The CARMENES search for exoplanets around M dwarfs : Understanding the wavelength dependence of radial velocity measurements

TL;DR

This study analyzes over 8 years of CARMENES data to understand how stellar activity affects radial velocity measurements across different wavelengths, improving exoplanet detection around M dwarfs by mitigating stellar noise.

Contribution

The paper demonstrates that the chromatic index effectively identifies stellar activity effects on RVs, enabling significant noise reduction and enhancing exoplanet detection capabilities.

Findings

17% of stars show strong or moderate CRX-RV correlation

RVs can be improved by up to a factor of 4 after correction

CRX is a powerful tool for mitigating stellar activity in RV measurements

Abstract

Context. Current exoplanet surveys are focused on detecting small exoplanets orbiting in the liquid-water habitable zones of their host stars. Despite the recent significant advancements in instrumental developments, the current limitation in detecting these exoplanets is the intrinsic variability of the host star itself. Aims. Our aim is to use the full CARMENES guaranteed time observations (GTO) data set spanning more than 8 years of observations of over 350 stars to investigate the wavelength dependence of high-precision radial velocities (RV), as stellar activity features should exhibit a wavelength dependence while the RV variation due to an orbiting planet will be wavelength independent. Methods. We use the chromatic index (CRX) to quantify the slope of the measured RVs as a function of logarithmic wavelength. We investigate the dependence of the CRX in the full CARMENES GTO sample on 24 stellar activity indices in the visible and near-infrared channels of the CARMENES spectrograph and each star's stellar parameters. We also present an updated convective turnover time scaling for the calculation of the stellar Rossby number for M dwarfs. Results.

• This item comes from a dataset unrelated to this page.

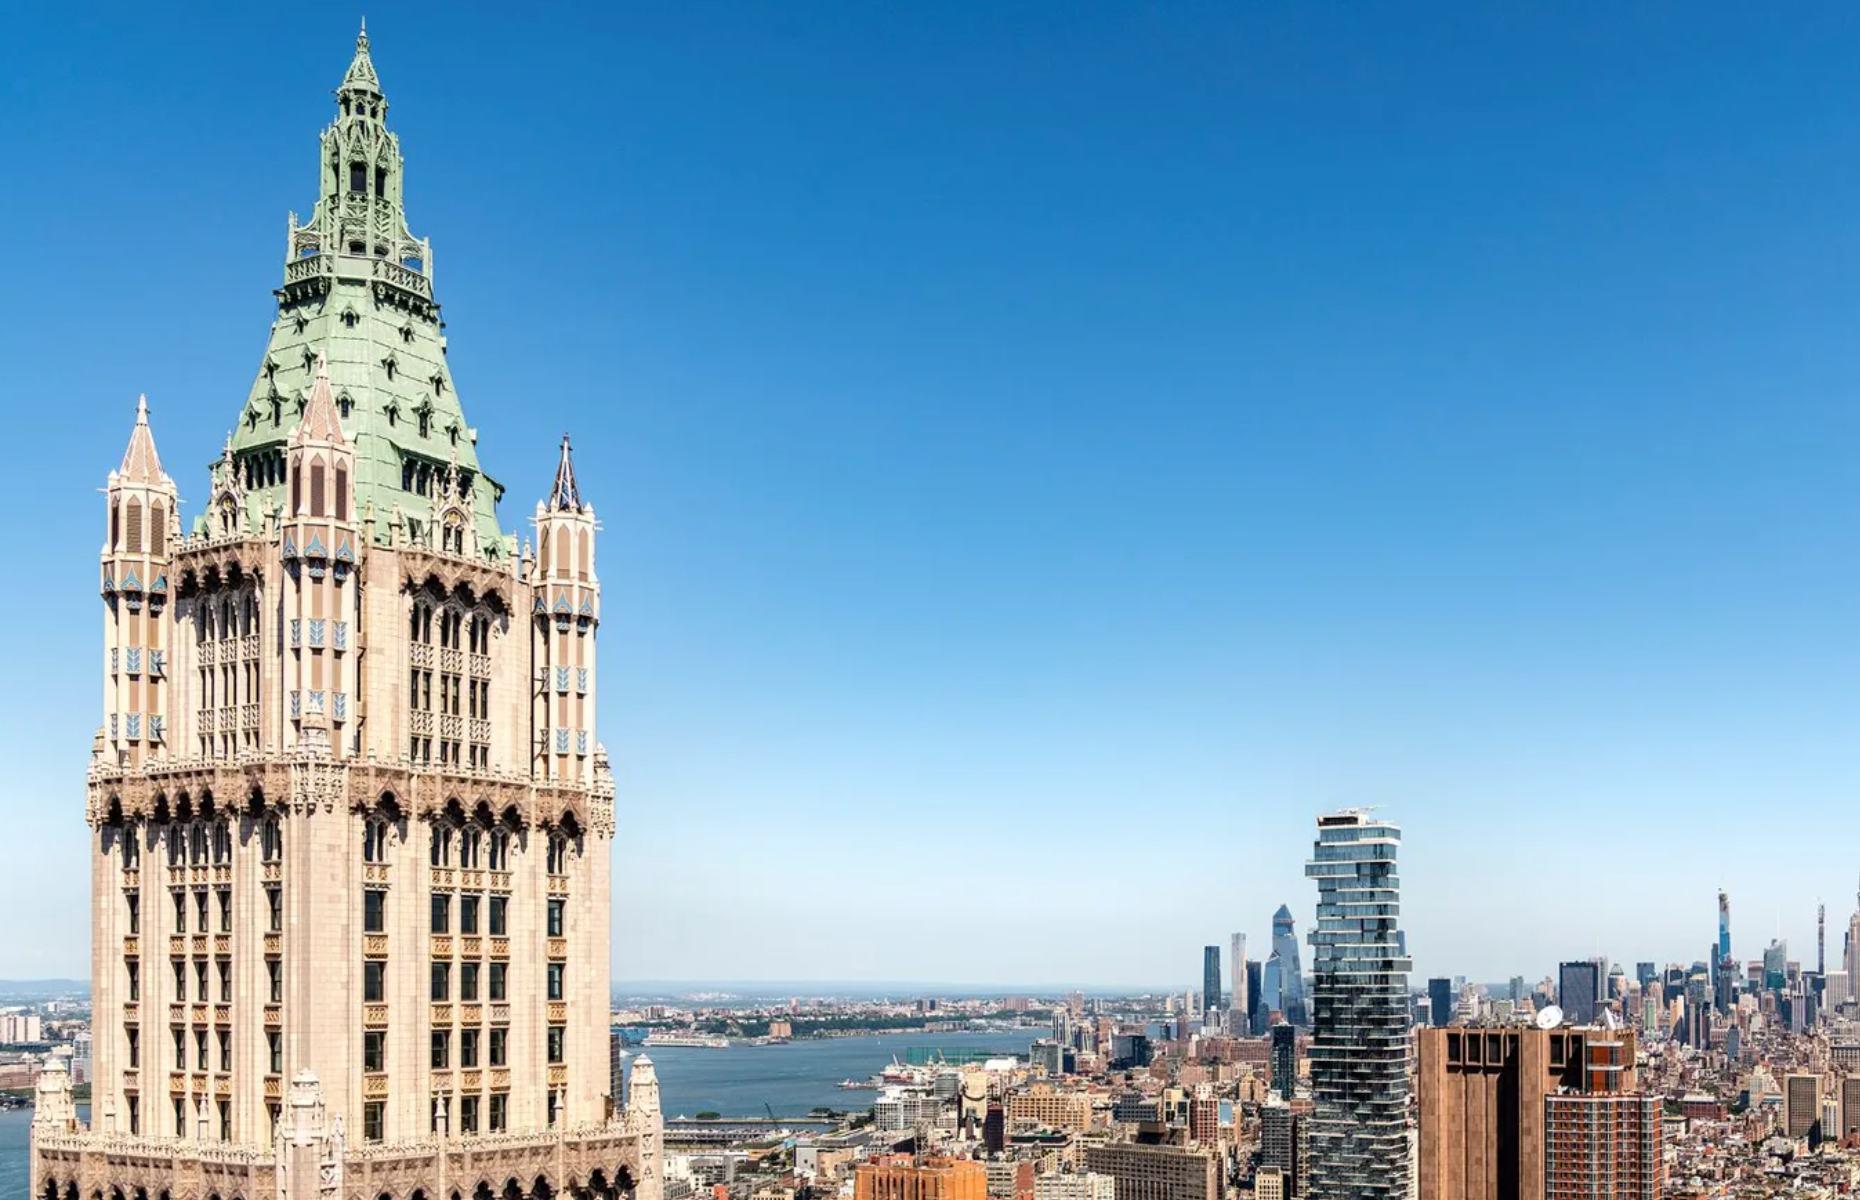 <p>The <a href="https://www.realtor.com/realestateandhomes-detail/2-Park-Pl-Ph-And_New-York_NY_10007_M99673-60328">Pinnacle Penthouse</a> lies at the top of the iconic Woolworth Building, in the heart of Tribeca, New York. The property landed <a href="https://www.townandcountrymag.com/leisure/real-estate/a13131305/woolworth-building-penthouse/?utm_source=google&utm_medium=cpc&utm_campaign=arb_ga_toc_md_pmx_us_urlx&gclid=Cj0KCQjw7KqZBhCBARIsAI-fTKKHbYOsD2tM0i1wqNUxNTAtJEPvSSOUhyMa1wvXWQYWxN_ovxO">on the market</a> in 2017, with a $110 million asking price. At the time, it was among the most expensive listings New York City had ever seen. After six years and countless price cuts, one lucky buyer finally snapped the place up in summer 2023, paying just $30 million. That's a staggering $80 million less than the original asking price. The lack of interest might have had something to do with the fact that the interior of the penthouse isn't even finished.  </p>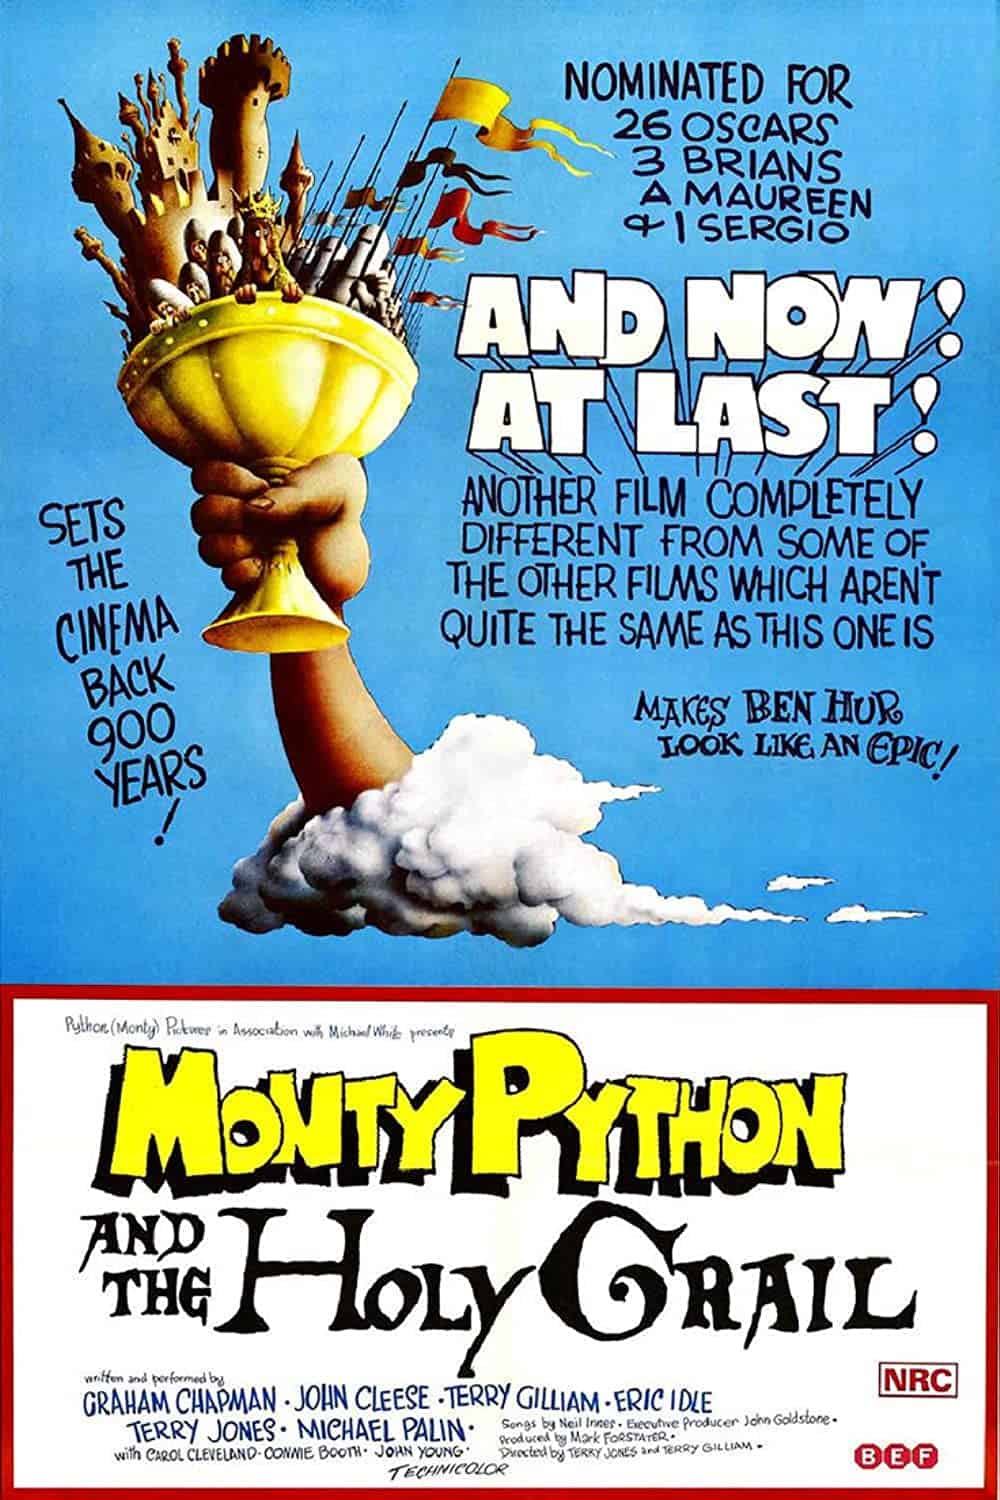 Monty Python And The Holy Grail (1975)

Our results show that approximately 17\% of GTO stars show a strong or a moderate correlation between CRX and RV. We can improve the measured RVs by a factor of up to nearly 4 in rms by subtracting the RV predicted by the CRX-RV correlation from the measured RVs. Mid M dwarfs with moderate rotational velocities, moderate CRX-gradients and quasi-stable activity features have the best rms improvement factors. Conclusions. We conclude that the CRX is a powerful diagnostic in mitigation of stellar activity and the search for low mass rocky planets.